Assuming, from the degree of agitation, that the note must be from a person of some consequence, Aroma and Skybright took up the question. In response to their shouted inquiry, a smiling Number Four came running into the room.

‘I did. From Adamantina. She didn't bring it herself, she sent one of the old women with it. I put it down somewhere in here. I meant to tell you about it, but with all that drinking last night I forgot.'

‘So
that's
who it's from,' said the other maids. ‘What a fuss about nothing!'

But Bao-yu evidently did not think so.

‘Fetch me some paper,' he said, still in some agitation, and himself began grinding the ink. But when the ink was ground and he sat with moistened brush poised in readiness over the virgin paper, he found that he did not know how to begin.
What was the correct response to ‘Dweller Beyond the Threshold'? For a long time he sat thinking, but no inspiration was forthcoming.

‘It's no good asking Bao-chai,' he thought. ‘She'd only say something critical about Adamantina being too “fanciful”. I'd better ask Dai-yu.'

Slipping Adamantina's note into his sleeve, he set off in the direction of the Naiad's House. He was just stepping off the Drenched Blossoms bridge when he caught sight of Xing Xiu-yan bustling along in a very purposeful manner from the opposite direction.

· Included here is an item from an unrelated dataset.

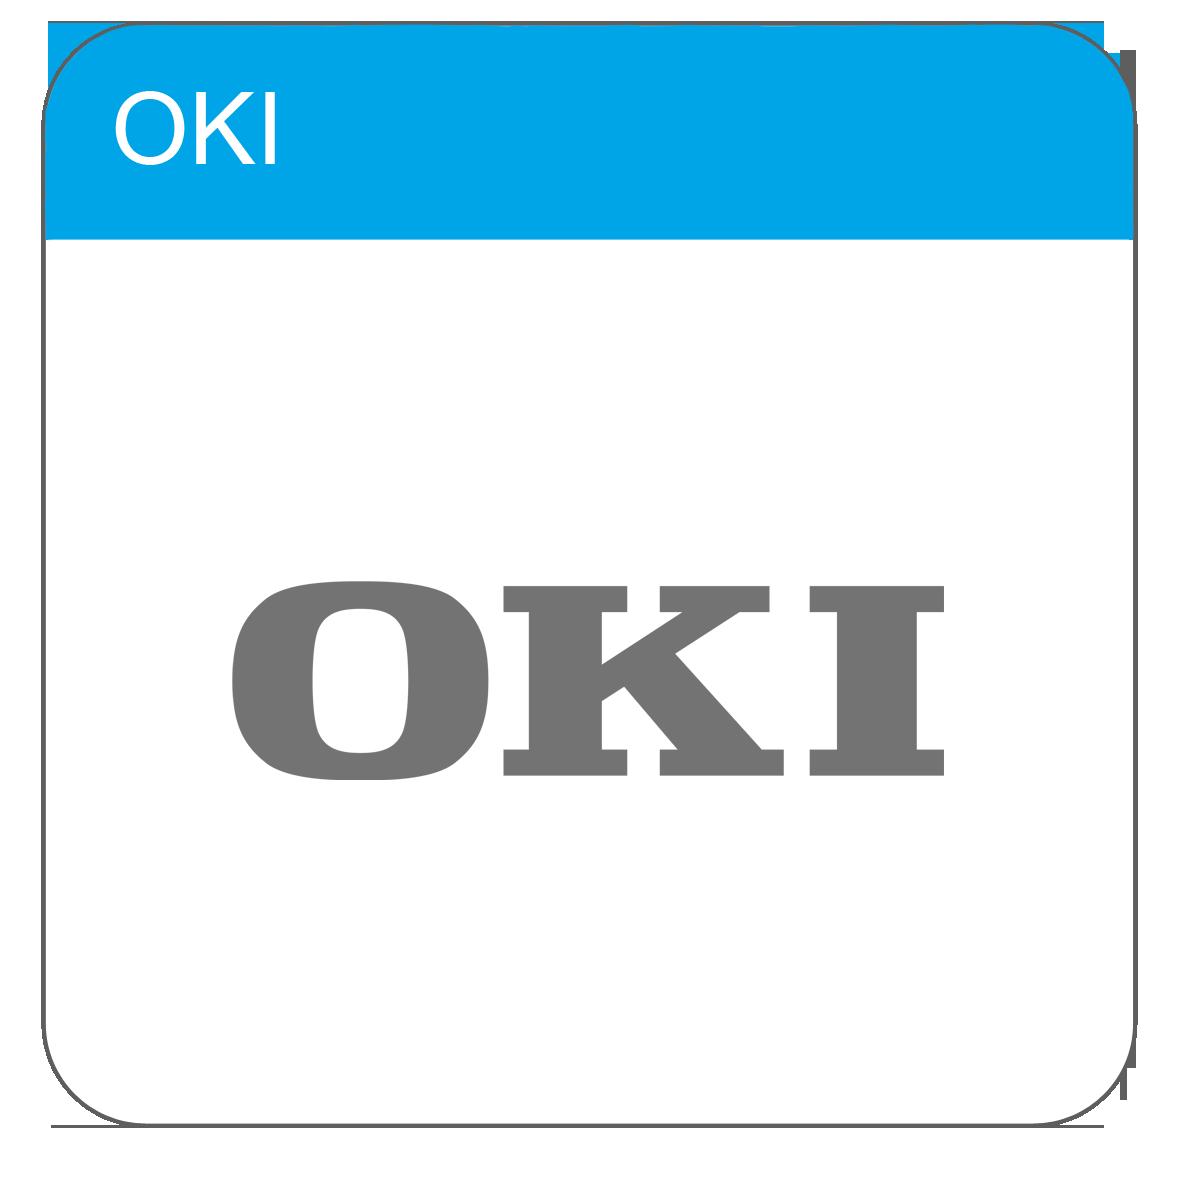 Oki Drivers & Handleidingen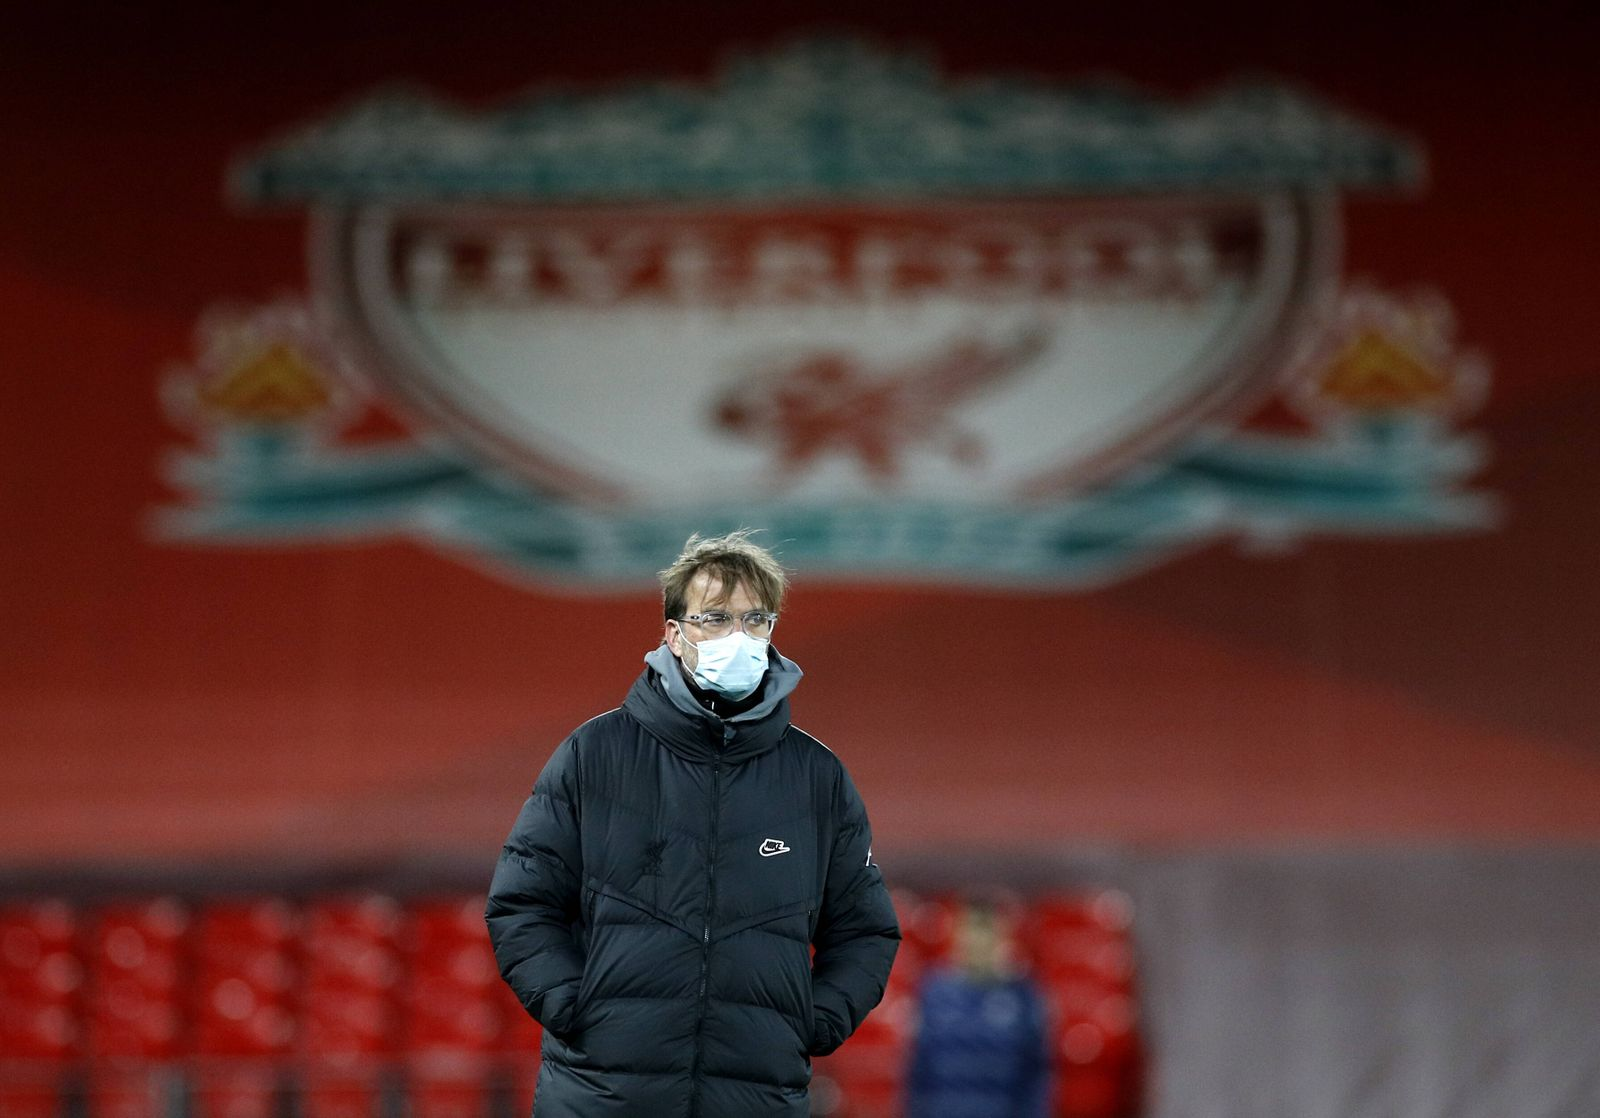 Liverpool v Chelsea - Premier League - Anfield Liverpool manager Jurgen Klopp prior to the Premier League match at Anfi

‘Where are you going?' he asked her.

‘I want to have a talk with Adamantina.'

Bao-yu was surprised.

‘Adamantina is such a strange, contrary person. There are very few people she can get on with. If she thinks highly of you, it proves that you must be made of finer stuff than the rest of us.'

‘I don't know whether she thinks particularly
highly
of me,' said Xiu-yan, ‘but we were neighbours for ten years. When she was serving her novitiate at the Coiled Incense Temple, there was only a party wall separating her from the place where my family lived. My family was too poor to own a house and for ten years lived in rented accommodation in her temple. Whenever I had nothing else to do, I used to go inside the nuns' courtyard and spend my time with Adamantina. It was she who taught me to read and write. In fact, everything I know, practically, I owe to her. So you see, she's not only my “hard times friend'; she is also in a sense my teacher. When my parents finally came here to throw themselves on the generosity of your family, we learned that Adamantina, too, had found a home here. She had evidently found this a place where her eccentricities would be tolerated and where she would be safe from molestation by those having the power to persecute her. It seemed as if our destinies must be linked. And I was glad to find, when I went to look her up here, that her friendship for me was unaltered. In fact, I think that if anything she is even nicer to me now than she was before.'

As if by a flash of lightning, the mystery of Xiu-yan's utter alienness from her appalling parents was revealed.

‘I
see'
! he said. ‘That ethereal, crane-in-the-clouds quality one notices in everything you do or say – I see now where you get it from. As a matter of fact it's something to do with Adamantina that has brought me out. Something she wrote has been puzzling me and I was on my way to ask someone else's advice about it when I ran into you. It's an extraordinary bit of luck that I did, because you are obviously much better qualified to advise me than the person I had been intending to ask.'

He took the piece of paper from his sleeve and showed it to her. Xiu-yan ran her eye over it and laughed.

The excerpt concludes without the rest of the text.